Home >Companies >People >Big tech CEOs to claim stiff market competition in US antitrust hearing

Hours ahead of a historic antitrust hearing in the United States (US), big tech CEOs are preparing to argue that they face growing competition in the market, according to written testimonies filed by the companies. The testimonies were filed by the companies on behalf of Sundar Pichai, Tim Cook, Mark Zuckerberg and Jeff Bezos, chief executive officers (CEOs) of Google, Apple, Facebook and Amazon, respectively.

The four CEOs are going to appear in front of a Congressional subcommittee that was setup to address rising concerns about the dominance of these tech giants. Between them, Google, Apple, Facebook and Amazon have all faced antitrust allegations in various states and countries around the world. The hearing is called Online Platforms and Market Power Pa 6: Examining the Dominance of Amazon, Apple, Facebook, and Google.

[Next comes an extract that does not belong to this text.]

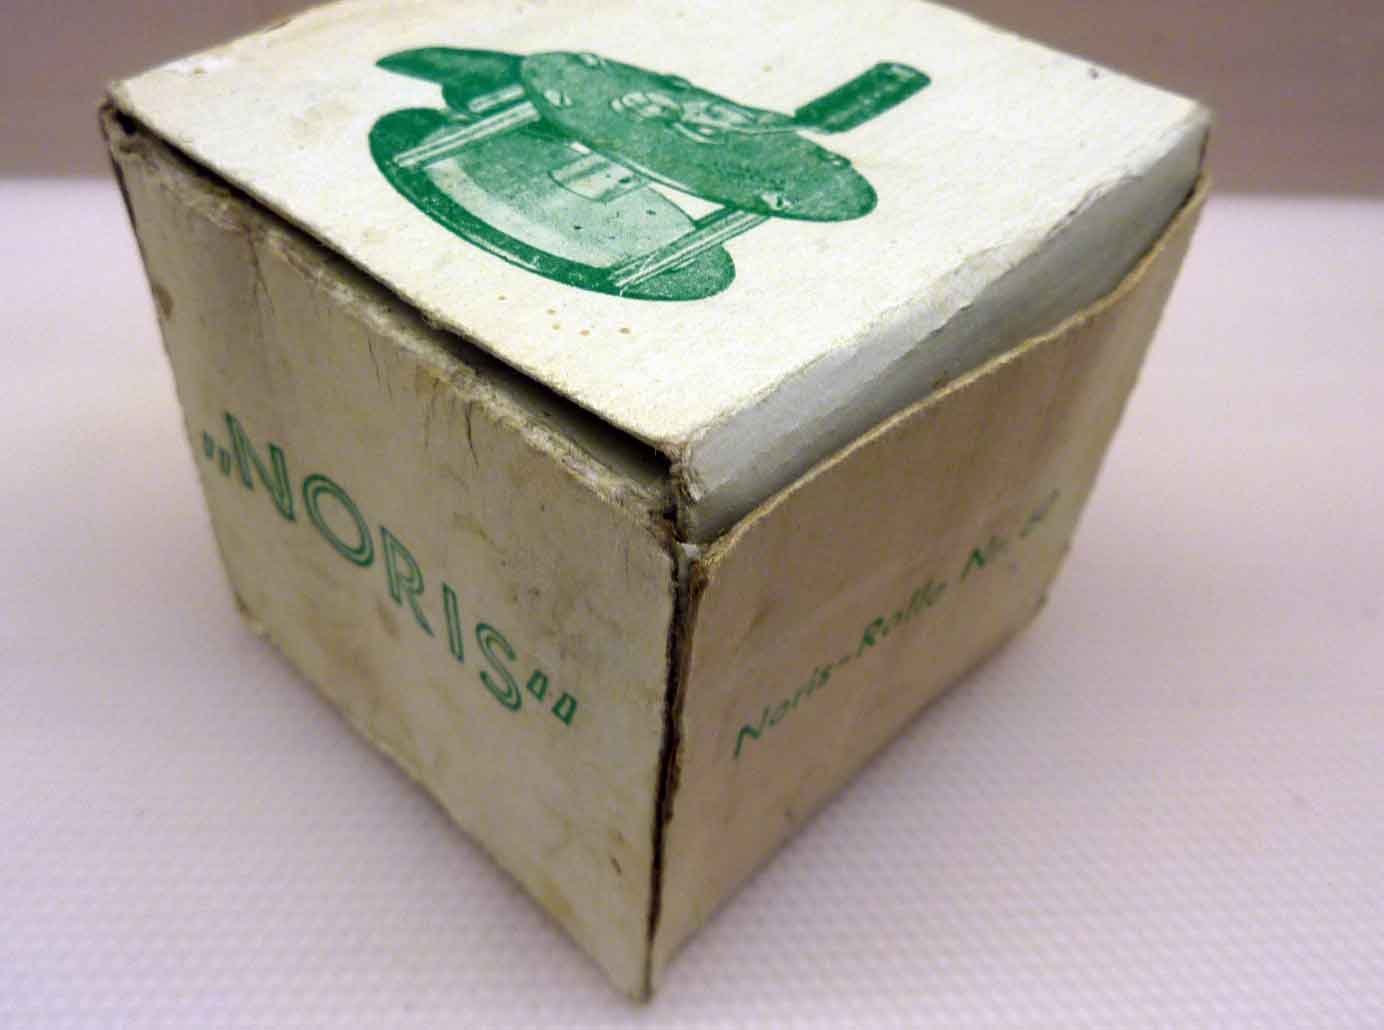 Karton der Noris Liliput, schon dem Namen nach die kleinste Rolle des Nürnberger Herstellers.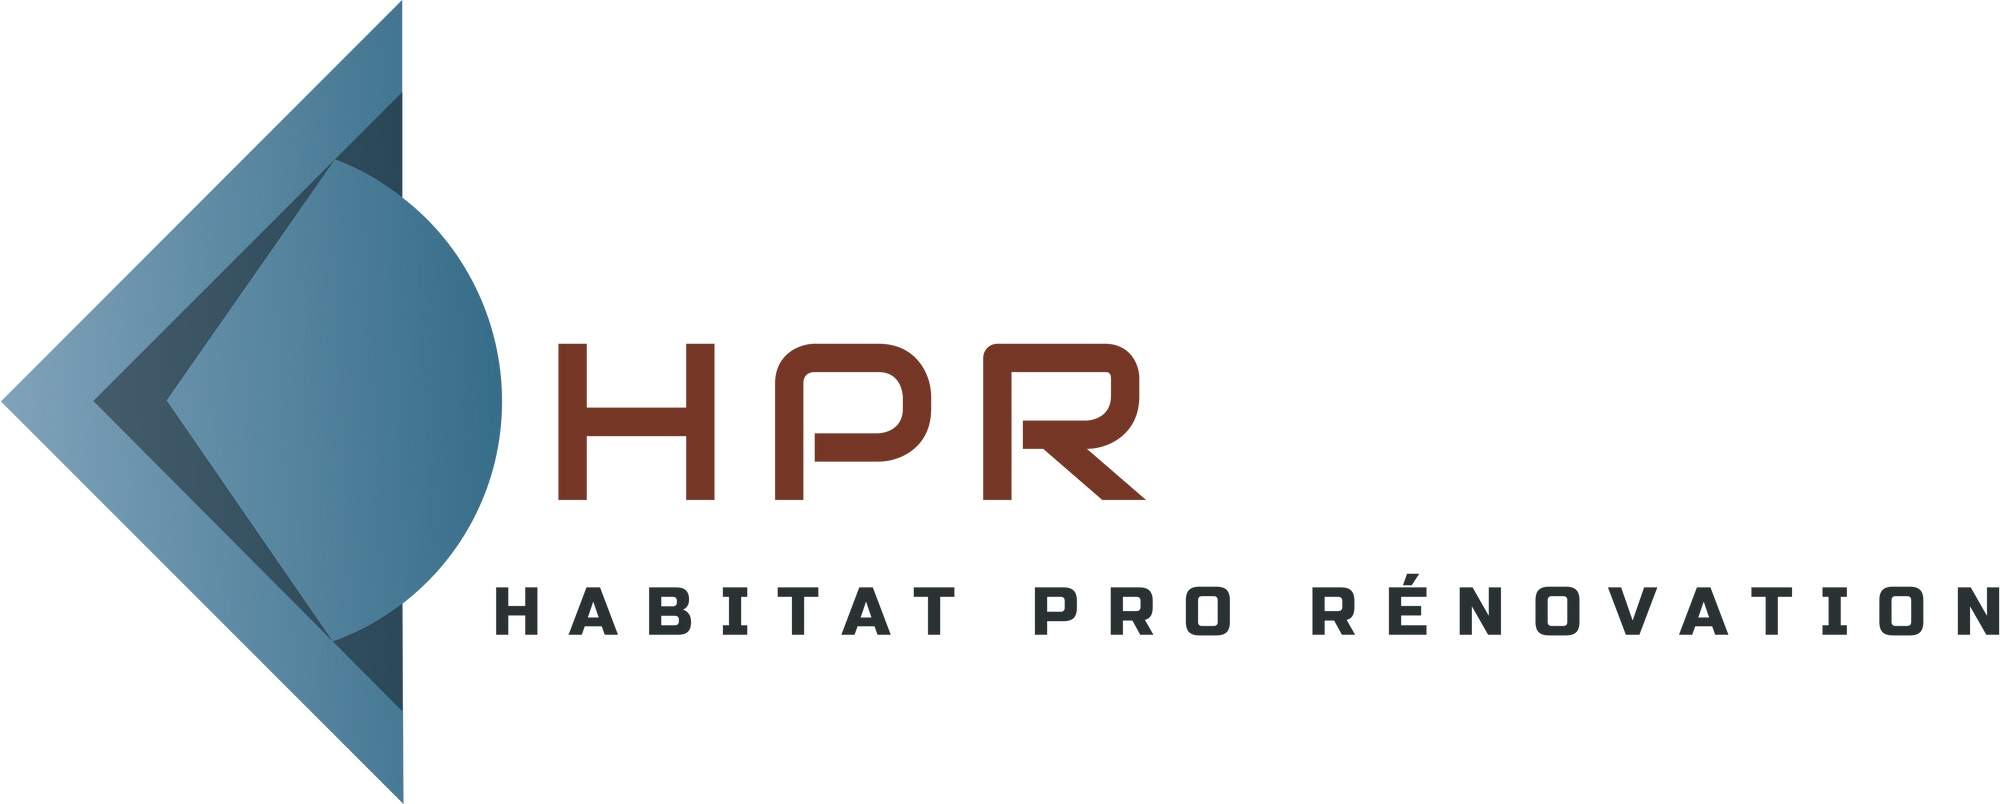 Logo Habitat pro renovation traitement anti-humidité et infiltration d'eau Eure 27

According to the written testimonies, all four CEOs seem to be arguing that they face lots of competition in the market, other than reiterating how their products have contributed to the growth of other industries and businesses. “Google operates in highly competitive and dynamic global markets, in which prices are free or falling, and products are constantly improving. Today’s competitive landscape looks nothing like it did 5 years ago, let alone 21 years ago, when Google launched its first product, Google Search," said Pichai’s written testimony.

Pichai also brings up Amazon’s Alexa, which can answer questions from users, and says people often find news via Twitter or “ask friends for information" via WhatsApp. He also mentions Snapchat, Pinterest and other platforms as services people use for various kinds of searches on the Internet.

The CEO’s effort, unsurprisingly, seems to be to downplay Google’s Search’s importance in how people discover websites and other things on the Internet. The company has faced antitrust allegations in Europe earlier, for abusing its dominance with Search. The company also faced its third antitrust allegation in India recently, and the Competition Commission of India (CCI) is looking into allegations that it abuses its market position to promote its own payments apps.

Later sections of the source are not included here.